Rubber-banding, gerund: Stretching the local recommendations while still sticking to the letter of the rule. As in, We’re going to rubber band the rules and meet a few friends for a birthday drink, but outside and we’ll definitely stay six feet apart!
Slalom, verb: The act of zig-zagging on the sidewalk or in shop aisles to avoid coming within six feet of another human being. As in, I had to slalom though the dairy section today, it was packed!
Sourdough Starter, noun: The realization, upon opening your eyes, that your day will be the same as the 300 days before. Alternatively, one who wakes up and realizes the same. As in, Sorry to be such a sourdough starter, I’m just over it today.
Spritzer, noun: The cheap hand sanitizer offered at shop entrances that smells like the kind of wine you got at student art openings. As in, Jeebus, this spritzer smells like that cheap tequila I used to drink.
Staycation, noun, retro; A quaint word harking back to a different time when the idea of staying home held appeal. As in, Remember when we used to long for a staycation? Ha ha ha ha.
The Queen’s Gambit, slang: A risky move which consists of only dressing from the waist up for Zoom meetings. As in, I’m going to play The Queen’s Gambit for my conference call today. What could go wrong?
Vanity plates, noun: The stack of household items your laptop rests on to raise its camera to avoid a double chin. As in, Do you think she had some work done or is she just using a stack of vanity plates?
Work From Home, noun: Watching Bridgerton on your laptop with your headphones in and periodically nodding and saying, “Yes, of course. I’ll get that to you right away,” whenever your child walks by.
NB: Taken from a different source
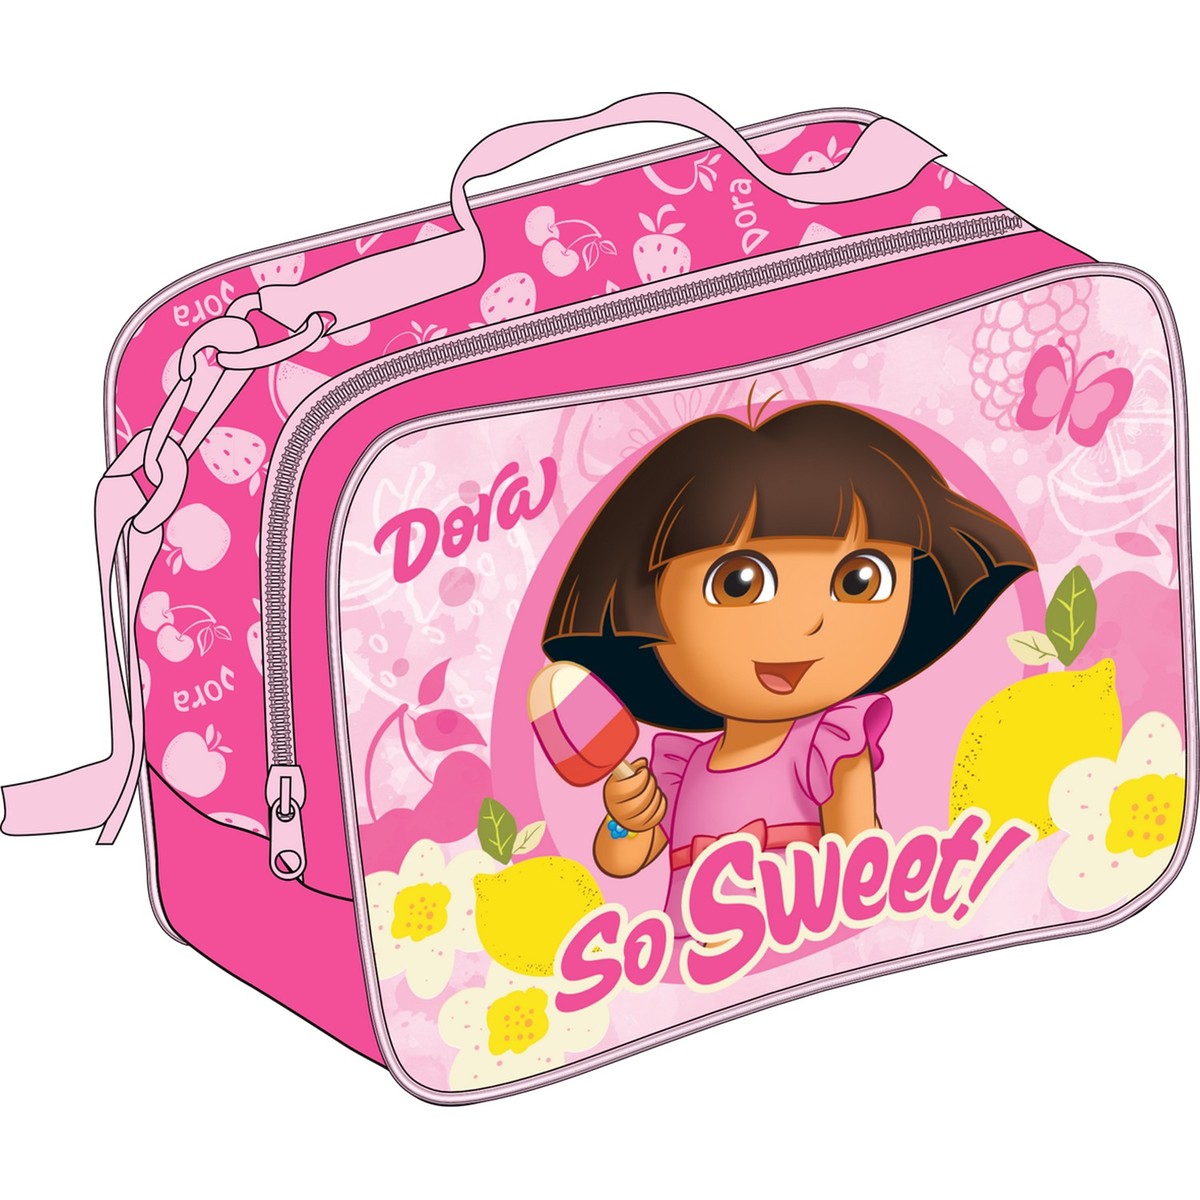 Dora The Explorer School Trolley Value Pack Set of 5Pcs FK160529 16inch

As in, Don’t bother me right now, I’m working from home.
Work Spouse, noun: The work version of your partner/spouse you don’t normally get to see, who says and does things that you don’t recognize, like “let’s circle back to that”. As in, I can overhear everything my work spouse says, and I’m like, who is this person I married??
Workus Interuptus, noun: The Latin name for when your kid loudly begs for a snack in the middle of a Teams meeting. As in, Mommy is on a WORK CALL RIGHT NOW!
Stay safe folks. We’re almost there.
2 Comments Add yours
These are all excellent! The vanity plates at our house are Trivial Pursuit game boxes so for a low count of two, the angle is satisfactorily and sufficiently high, absolutely necessary due to Covid restrictions. The spritzer one made me laugh out loud because my daughter and I had that exact conversation yesterday but it was cheap rum. Thanks for the much needed laugh.
My pleasure! I’m so glad we can still find things to laugh at, right?